Ah, that explained it. And made a lot of sense. "He's right. It took me a few minutes to reacclimate every time I visited. But man, Julie, that's not what it looked like on your face." He laughed at the memory of their childhood. "Your expression was one of perpetual pissed off. Not that I blame you for it.... Yet even so, I always looked forward to seeing you."
"Why? You mostly ignored me."
"I always sat by you, if you remember.... I just always thought you had some kind of secret knowledge the rest of us lacked. And I wanted to know more about Andarions and if they were as different from us as everyone claimed. Because honestly, you didn't seem like you were all that strange to me."
"Thanks ... I think."
Bastien winked as the woman laughed before she headed down the hallway that led toward the bridge. Sobering, Bastien narrowed his gaze on Jullien. "In all seriousness, though, you look really good now, and not just more fit and trim. You look happy. Like there's a weight missing from your shoulders. I don't know what happened to you, but I hope it's as good as it seems. You deserve to have some peace from the hell they gave you."
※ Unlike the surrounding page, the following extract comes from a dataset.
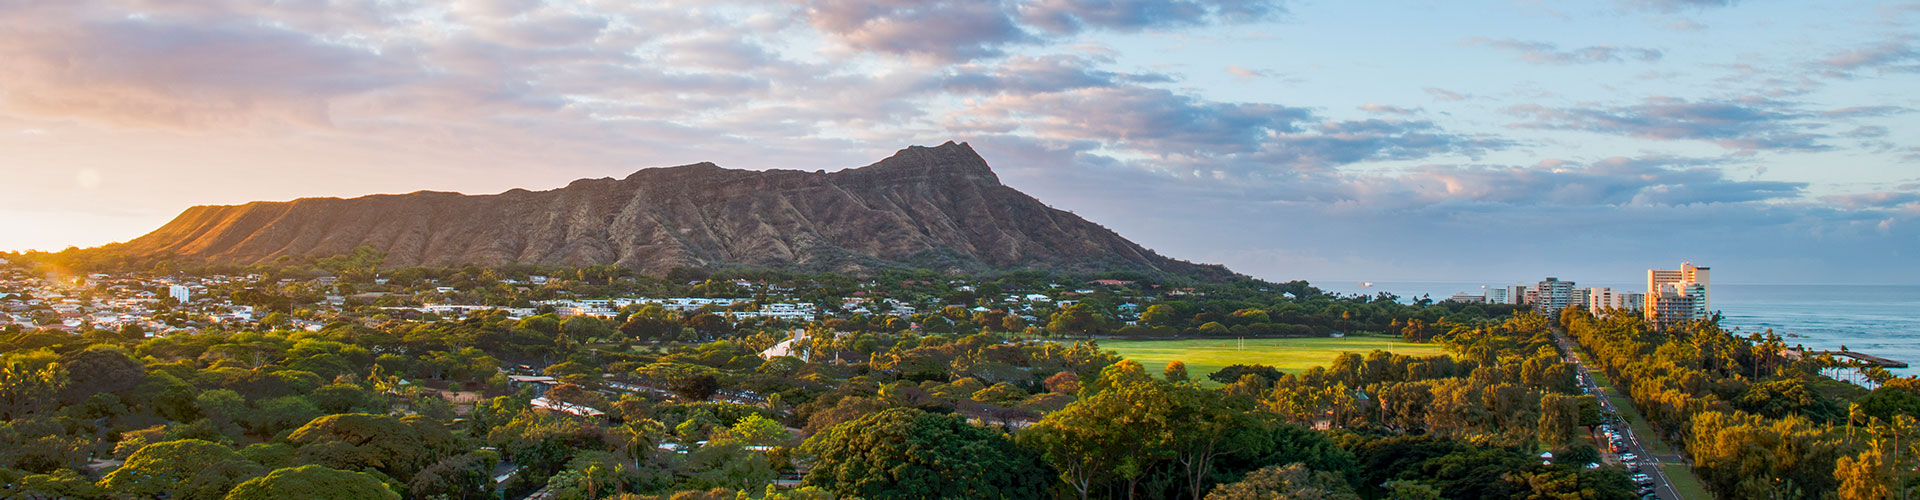 Diamond Head with houses at the bottom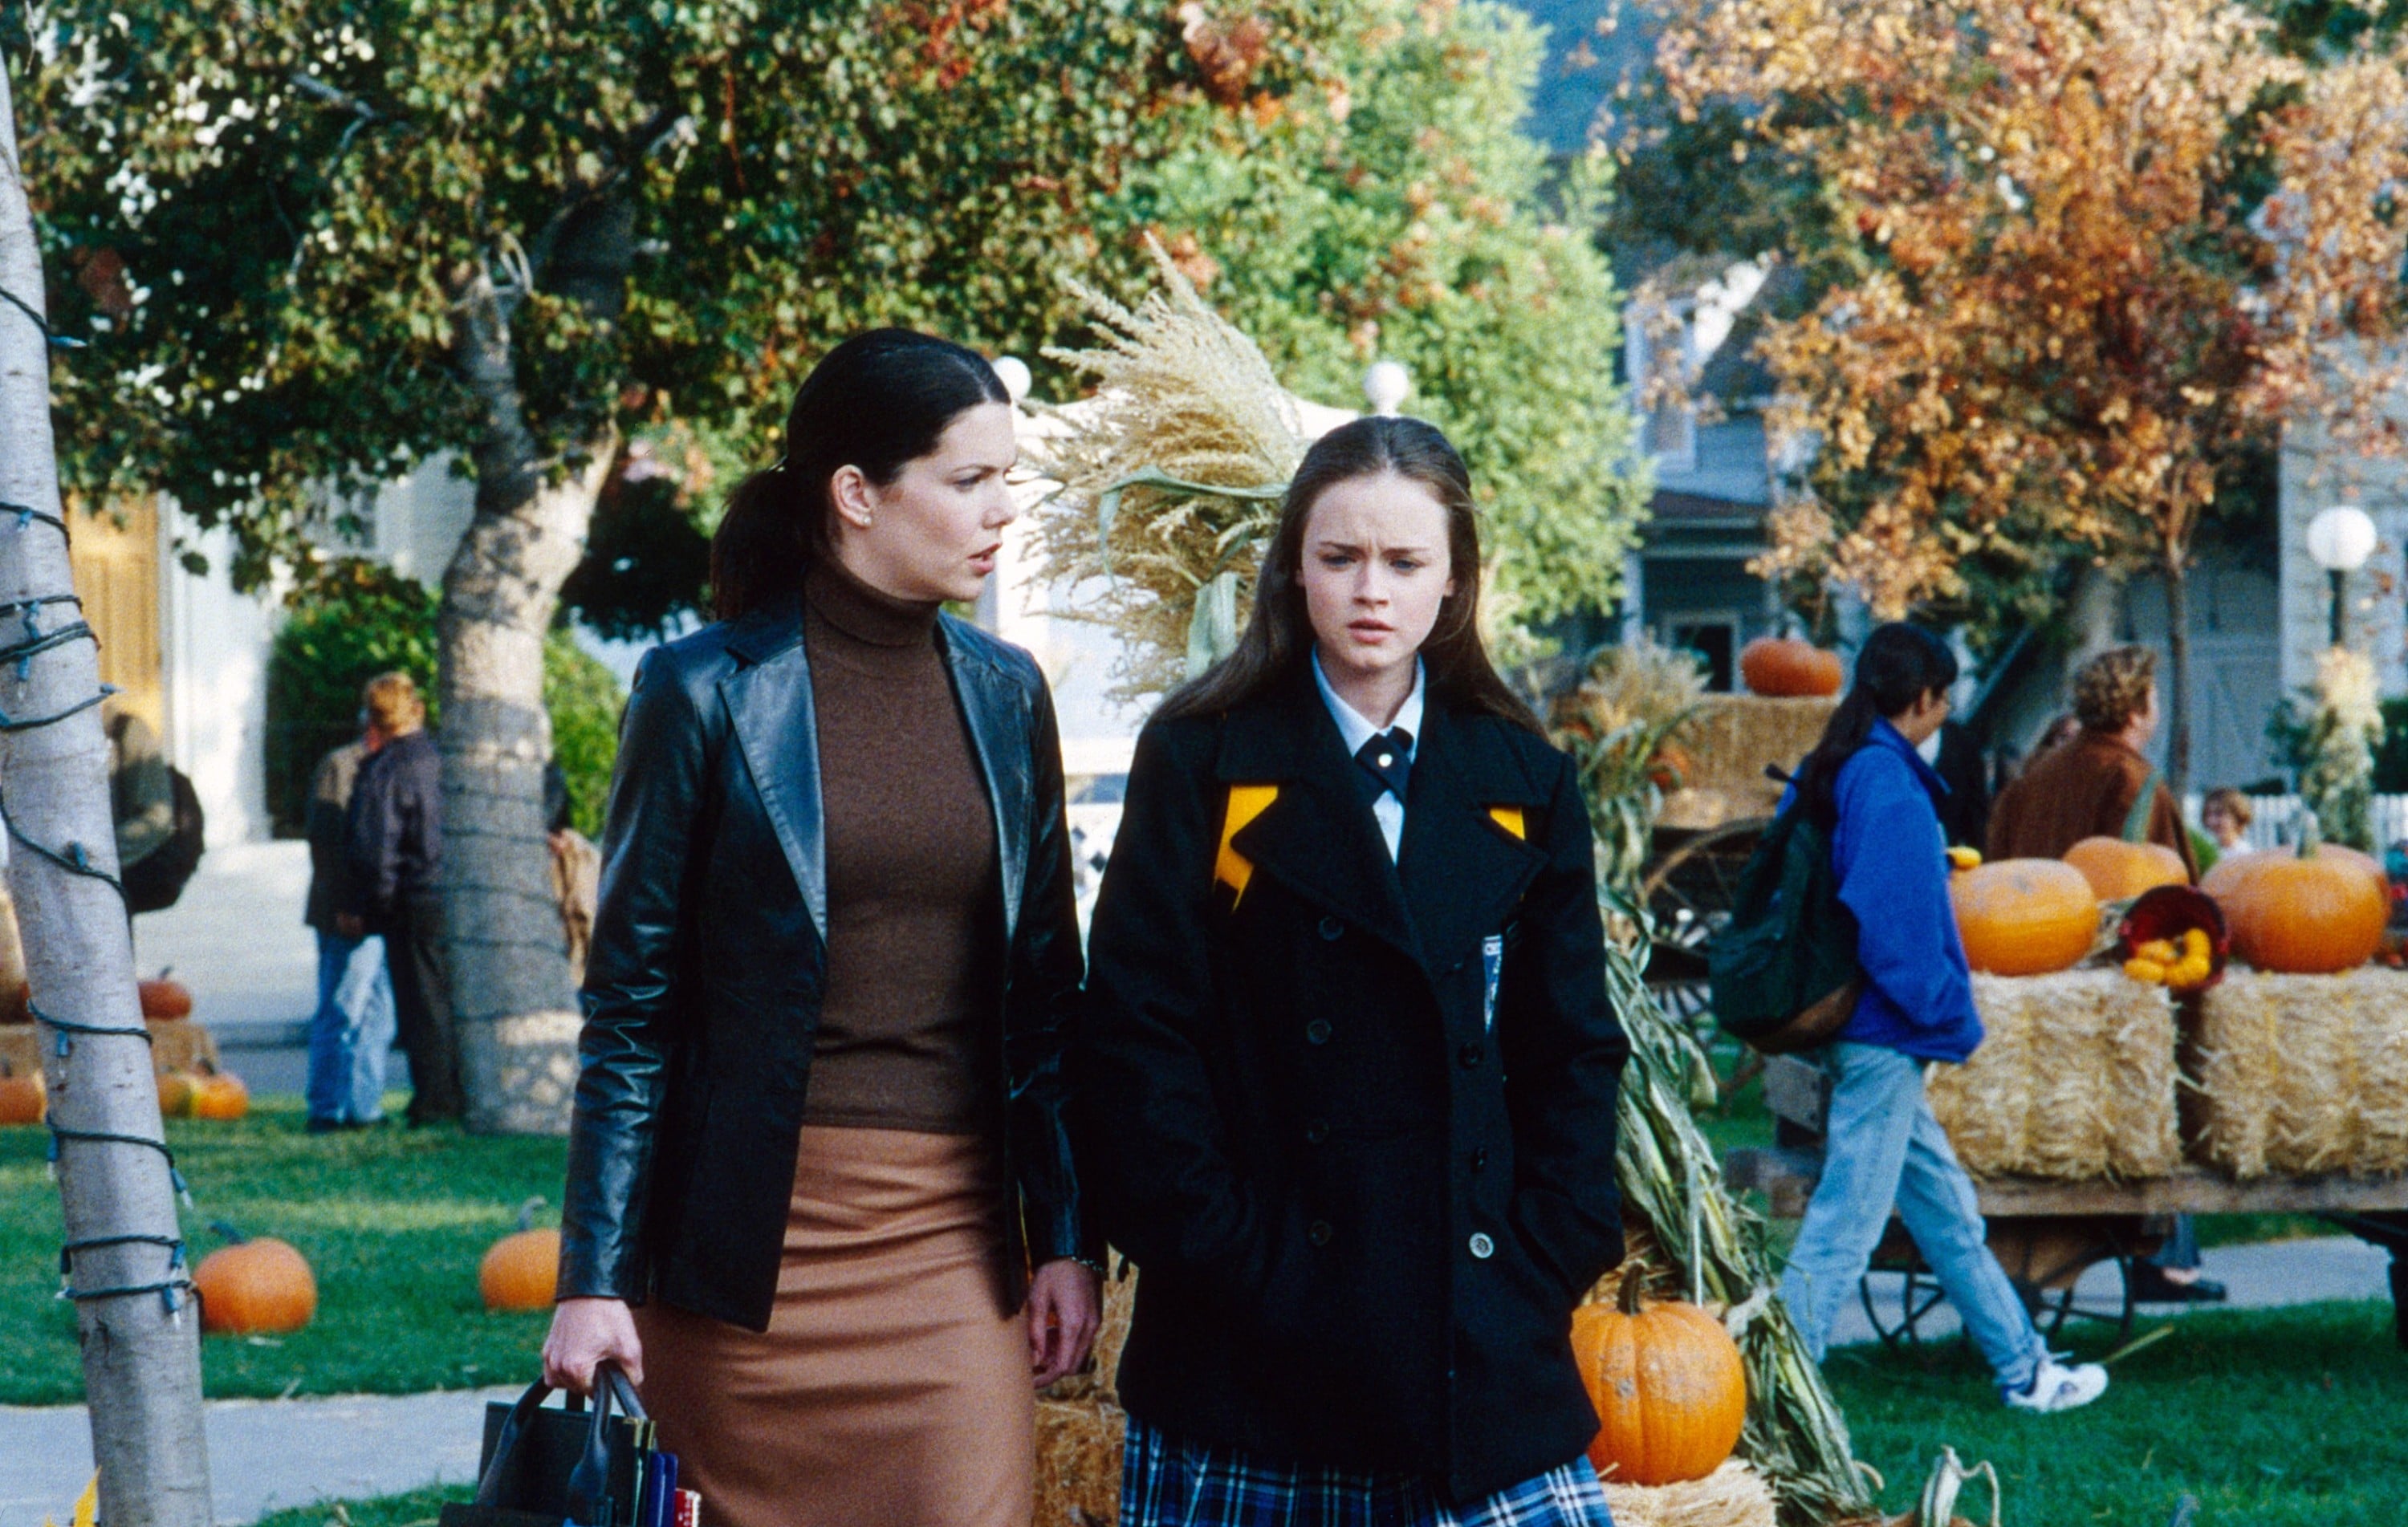 45 Best Thanksgiving Movies 2023 - Family Films to Watch on Turkey Day

Jullien pulled the glasses down past his eyes so that Bastien could see that they were no longer the hazel green they'd been. Now his eyes were a vibrant red.
A rare color for Andarions, and one Bastien remembered hearing stories about.
"What's the Andarion term for that?"
"Stralen."
"Means you're married, right?"
Jullien nodded as he repl
aced his glasses. "To an amazing female. Like your Alura."
The mere mention of her name made him fume and pierced his heart with a pain so profound that for a moment, he could barely draw a single breath. Jullien had no idea of the nerve he'd just stomped.
Bastien curled his lip. "For your sake, I pray she's nothing like Alura. That faithless bitch is one of the reasons I'm here."
"I'm sorry, Bas. I didn't know."
"Yeah. Neither did I. Until it was too late." And he cursed himself every day of this wretched existence for being an ass and falling for her lies. Lil had been right. He should have divorced her that day in the hospital and never looked back.
So many regrets. So many things he'd do differently if he could only go back in time.
His gaze filled with sympathy, Jullien took him to his room and showed him where the shower was. He pulled out some of his own clothes for him. "Take whatever you need."
More grateful than mere words could express, Bastien stepped into the bathroom and closed the door so that he could finally have a decent bath again.
The moment the hot, fresh water touched his skin, he wanted to weep. This was what he missed most on his makeshift home.
Well, this and someone to talk to. But the water pumps had burned out completely a long time ago so all he had now was what he'd managed to dig out of the ground as a well for himself. Though he'd tried everything, he had yet to get full running water back in the base.
Closing his eyes, Bastien let the miraculous wetness cascade over him and ease the soreness in his muscles.
And for reasons he couldn't even begin to explain, an image of Ember popped into his head. She'd always loved to share showers. He hadn't thought about that in a long time, either.
Alura had despised it. She thought it was intrusive and gross.
But Ember ...
She'd lived to corner him right after he'd rinsed the soap off and then give him a whole 'nother reason to have to bathe again. His body went rock hard at the thought of her mouth sliding over his skin until he begged her for mercy.
Desire hit him like an Andarion Ring fighter and left him breathless. Squeezing his eyes shut, he savored the memories of Ember and the way she used to hold him. The way she'd laugh and tease. No one had ever loved him the way she did.
No one had ever hurt him the way she had either.
And that was the double-edged axe that slit him to the core of his soul every time he allowed himself to think about her or to remember his past.